A crítica cultural pode ser espaço de militância?

Bárbara Alcântara
Observatório de Mídia
3 min readJan 8, 2018

A crítica cultural negativa está cada vez mais escassa e isso é fato inegável. Um artigo no The Wall Street Journal, lançado em agosto do ano passado, fala muito especificamente sobre isso e traz ainda uma questão muito importante: tem muito menos gente falando mal de música do que em outras categorias.

Já passei muito tempo me perguntando o porquê disso acontecer e, por mais debates e conversas que eu tenha ou livros e textos sobre o assunto que eu leia, não consigo chegar a uma conclusão específica. Seria porque o jornalista tem medo do feedback? Seria porque ele acredita que precisa escrever o que o público quer ler? Seria porque ele simplesmente não sabe como fazer de outra forma? Ou porque, como diz o artigo do WSJ, a crítica cultural já não é mais levada tão a sério assim e virou mero entretenimento?

Sinceramente, eu não sei. E não conheço quem o saiba.

Mas eis que outra questão vem à minha cabeça: atualmente, cada vez mais sites de crítica cultural com viéses específicos têm surgido. Eu sou colaboradora em um, o Delirium Nerd, e nele analisamos e resenhamos obras produzidas por mulheres, ou que tenha a mulher e/ou o feminismo como tema central. E todas as vezes que tive essa discussão sobre a importância ou não de existirem críticas negativas, fico pensando que lá, na maioria das vezes, falamos bem das obras.

Encontro-me em uma situação complicada porque eu sou partidária do “cadê as críticas negativas?
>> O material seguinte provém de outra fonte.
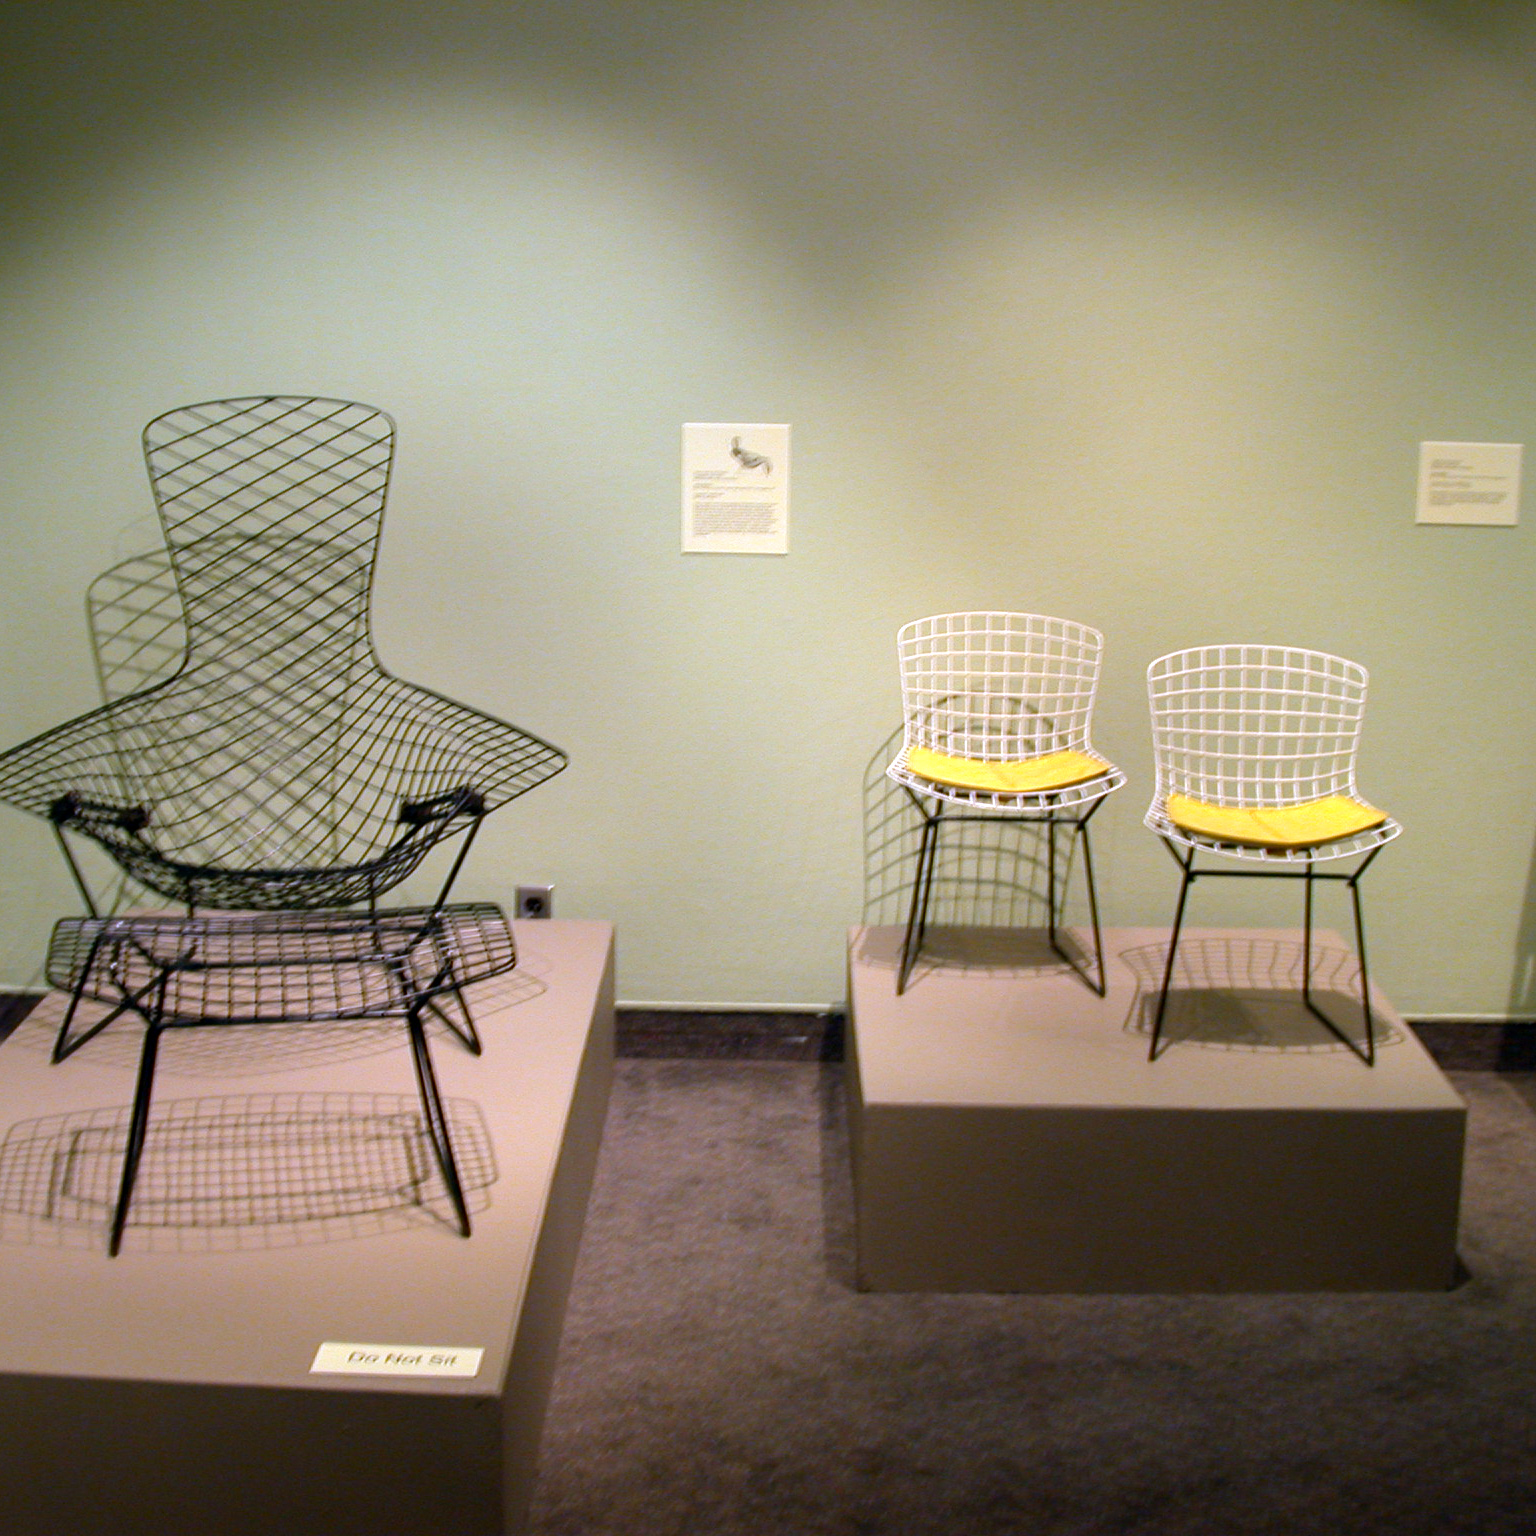 The Chair: 125 Years Of Sitting chairs on display

Precisamos!”. Ao mesmo tempo, entendo que, nesse caso específico, algumas outras questões precisam ser levadas em consideração, e entre elas: 1) tem muito mais obra produzida por homem sendo resenhada e divulgada por aí; 2) nem sempre a mulher é levada tão a sério assim, seja produzindo a obra quanto opinando sobre ela; 3) tem obra produzida por mulher que precisa ser analisada por uma mulher porque só uma mulher entende o que está escrito ali porque ela vive aquilo.

Parece cruel ou extremista sendo dito dessa forma (jamais utilizarei a expressão radical porque radical é algo que vem da raiz, e acho isso bonito demais para ser usado com uma conotação negativa). Mas é uma realidade. E agora retorno ao tema inicial: a crítica musical. Música sempre foi algo considerado masculino. É tipo futebol, sabe? Você fala que gosta, e logo te pedem a escalação do seu time em 1987. E banda de mulher? Pior ainda. Nunca é boa o suficiente.

Eis que surge aqui um espaço quase inabitado: mulheres escrevendo sobre mulheres que fazem música. Para não dizer que é exagero, só em maio de 2015 a jornalista Jessica Hopper lançou o livro “The First Collection of Criticism by a Living Female Rock Critic” e, logo na abertura, ela diz o quanto é importante que as mulheres se posicionem como críticas musicais, reclamem esse espaço. Porque ninguém quer dar isso a elas.

Então fica a pergunta… Por mais que o jornalismo seja uma profissão que busque a tal da imparcialidade (que é um mito, convenhamos), e por mais que devamos escrever as críticas isentas de interesses e/ou viéses, será que é tão ruim assim utilizar a visibilidade como uma forma de dar voz a quem dificilmente teria? Usar esse espaço como forma de militância é antiético mesmo?